Revolutionary Food: Koshary (Kushary) El Tahrir

The most recent issue of Saveur features the "Chef 100," whereby 100 hundred well-known chefs gave readers their suggestions on food, restaurants, cooking utensils, cookbooks and unique ingredients. Though Anita Lo probably doesn't have a direct line to the newsroom, she recommended koshary - a vegetarian dish from Egypt that features pasta, lentils, chickpeas and onions. (It tastes wonderful when topped with tomato sauce and vinegar.) The koshary recipe she recommended originates from a little cafe in Cairo's Tahrir Square.  This is what Anita said about the ultimate Egyptian street food:
"Served in a plastic or metal bowl, the food is many shades of brown: a mixture of toasted pasta, rice, lentils, chickpeas, and fried onions — perhaps a staff meal creation of some hippie distance runner just enrolled at the Natural Gourmet cooking school. But pour on a little of the garlic-vinegar and tomato-pepper sauces that sit on every table, and you've got some seriously delicious comfort food. Complex, earthy flavors from the legumes mingle with toasty, nutty pasta and the rich, caramelized sweetness from the onions, all offset by the zingy sauces."
I was curious. I was also feeling somewhat humbled because I had never heard of koshary. How did I miss this popular Middle Eastern staple? I eat tons of Palestinian food and I'm very familiar with Lebanese, Syrian, Israeli (this recipe), Iraqi and Moroccan dishes. I guess Egypt's cuisine flew under my radar.
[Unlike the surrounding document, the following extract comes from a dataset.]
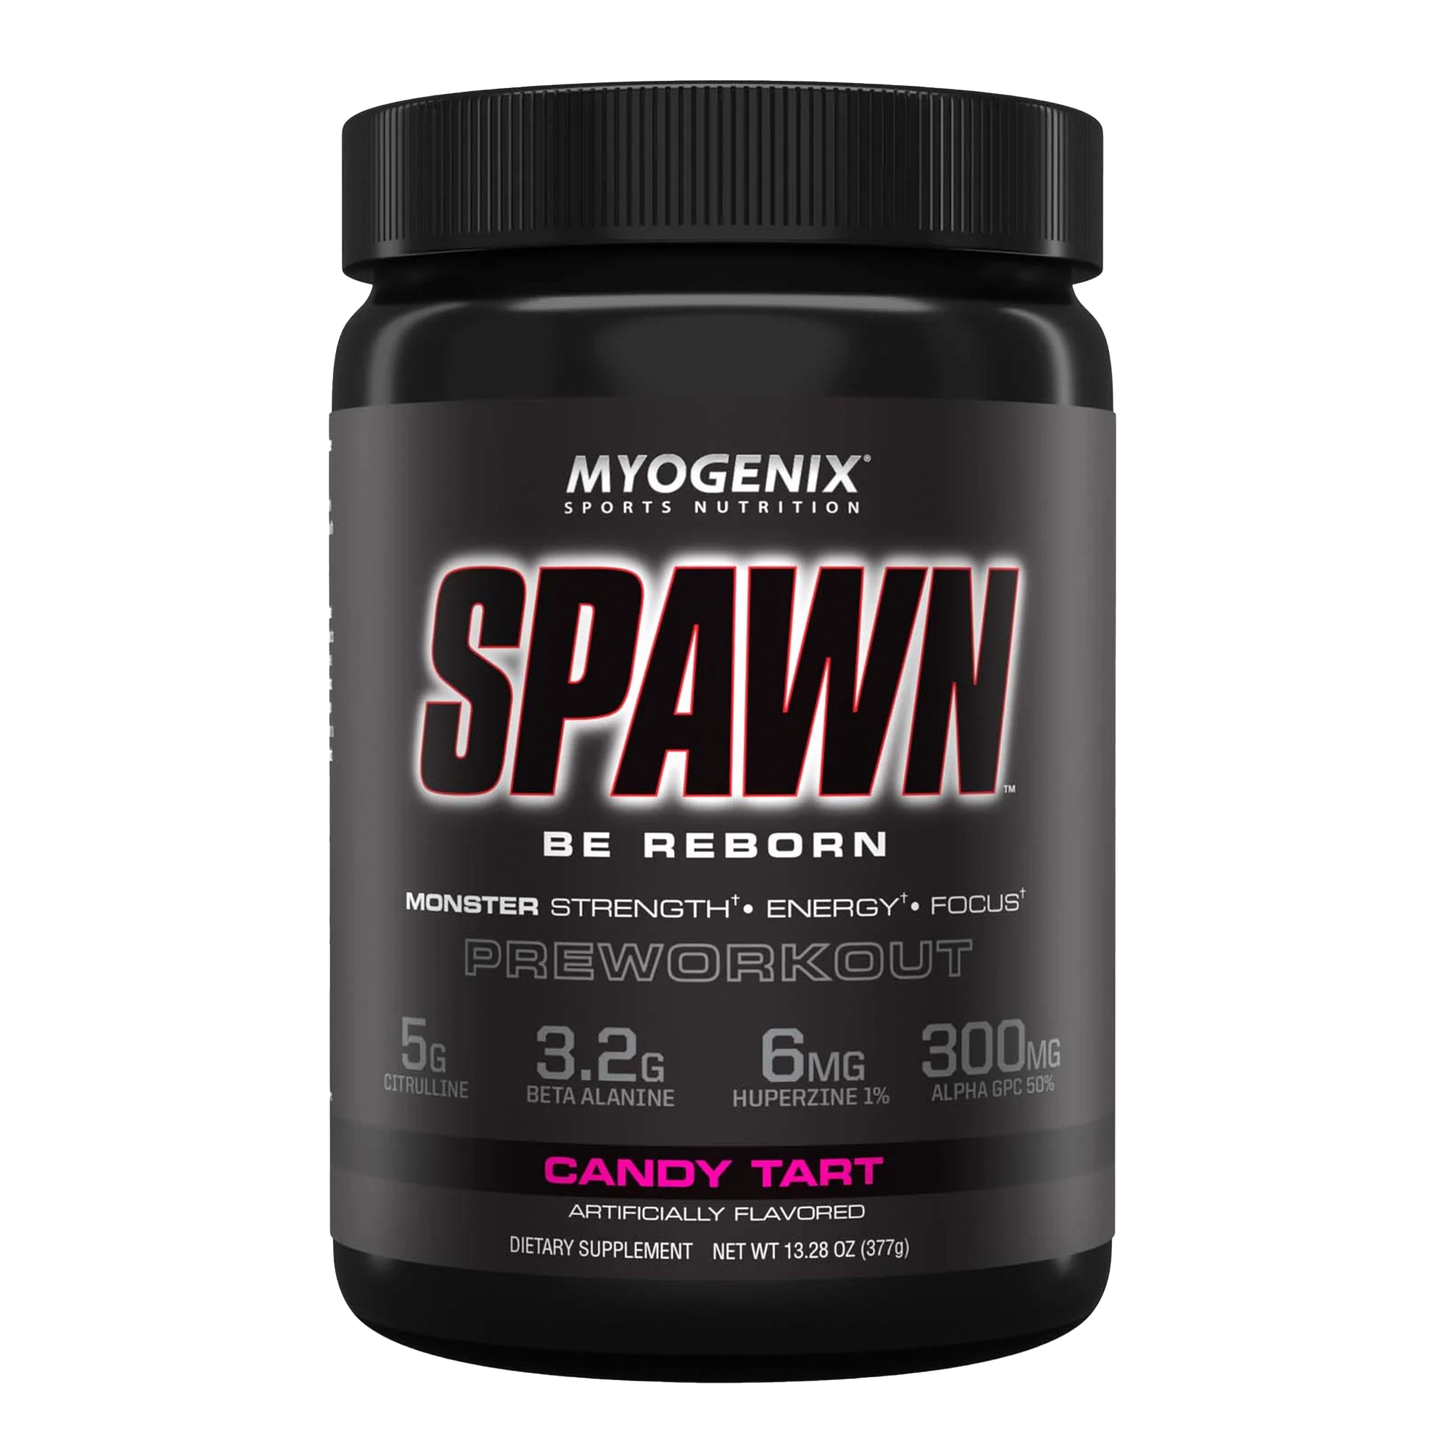 Myogenix Spawn Be Reborn Pre Workout 25 servings

My only exposure to Egyptian food was at Ali's Kebab Cafe in New York's Little Egypt on Steinway Street in Queens. (The Kebab Cafe features Alexandrian cuisine, so in addition to kebabs and meze platters, there are also dishes that infuse Greek and French influences - which is appropriate for a city with a history like Alexandria.)  I remember what we ate and koshary wasn't even on the menu (which is delivered orally).  
Well now I'm in-the-know. Here is one of Egypt's most famous street foods and my attempt to try something new...
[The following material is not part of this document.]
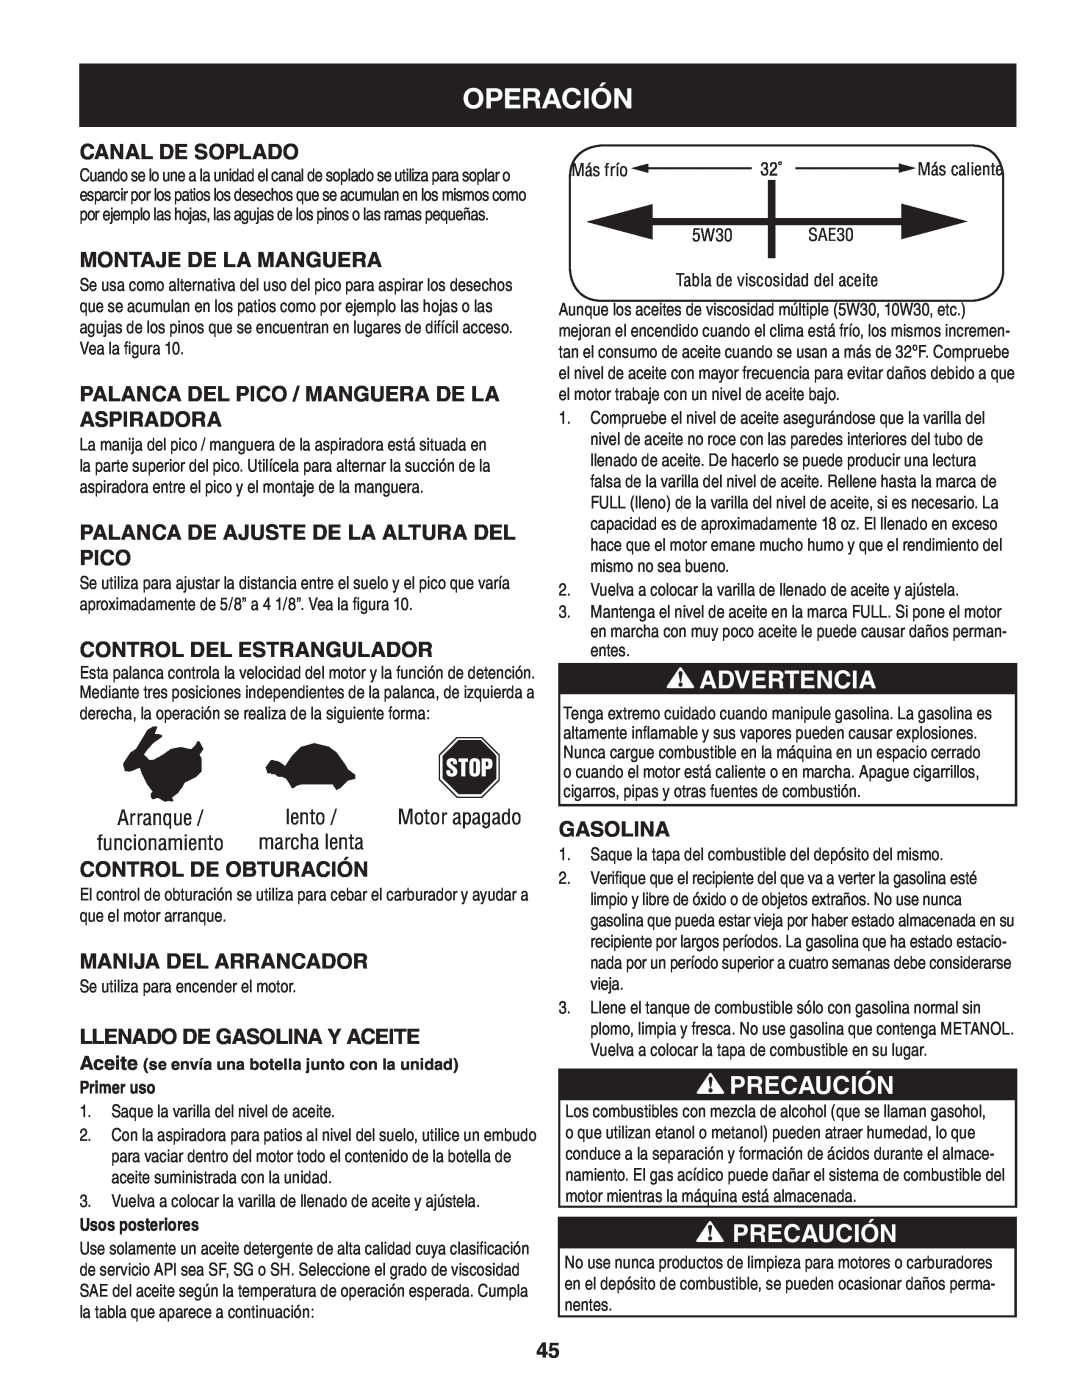 Craftsman 247.77013.0 manual Precaución, Operación, Advertencia, Stop, Canal de soplado, Montaje de la manguera, Gasolina

Let's hope the revolution in the streets of Cairo (and throughout the country) help bring a vibrant and transparent democracy to the people of Egypt.
KOSHARY EL TAHRIR (Published in Saveur Magazine
4 oz. ditalini or macaroni, cooked
2 oz. spaghetti, cooked
4 oz. brown lentils, rinsed
Kosher salt, to taste
1 cup cooked basmati rice (optional)
1 cup canned chickpeas, drained
2 cups canola oil
1/4 cup flour
2 medium onions, thinly sliced
1 tbsp. ground cumin
1/2 tsp. cayenne pepper
1/4 tsp. ground ginger
5 cloves garlic, minced
2 cups canned crushed tomatoes (I used an organic pureed tomato sauce because I prefer that texture) 
2 tbsp. white wine vinegar

Combine ditalini and spaghetti in a bowl; set aside. Put lentils and 4 cups water into a 2-qt. saucepan and bring to a boil. Reduce heat to medium-low and simmer, stirring occasionally, until lentils are tender, 20 minutes. Season lentils with salt, drain, and transfer to a bowl along with rice and chickpeas; set aside.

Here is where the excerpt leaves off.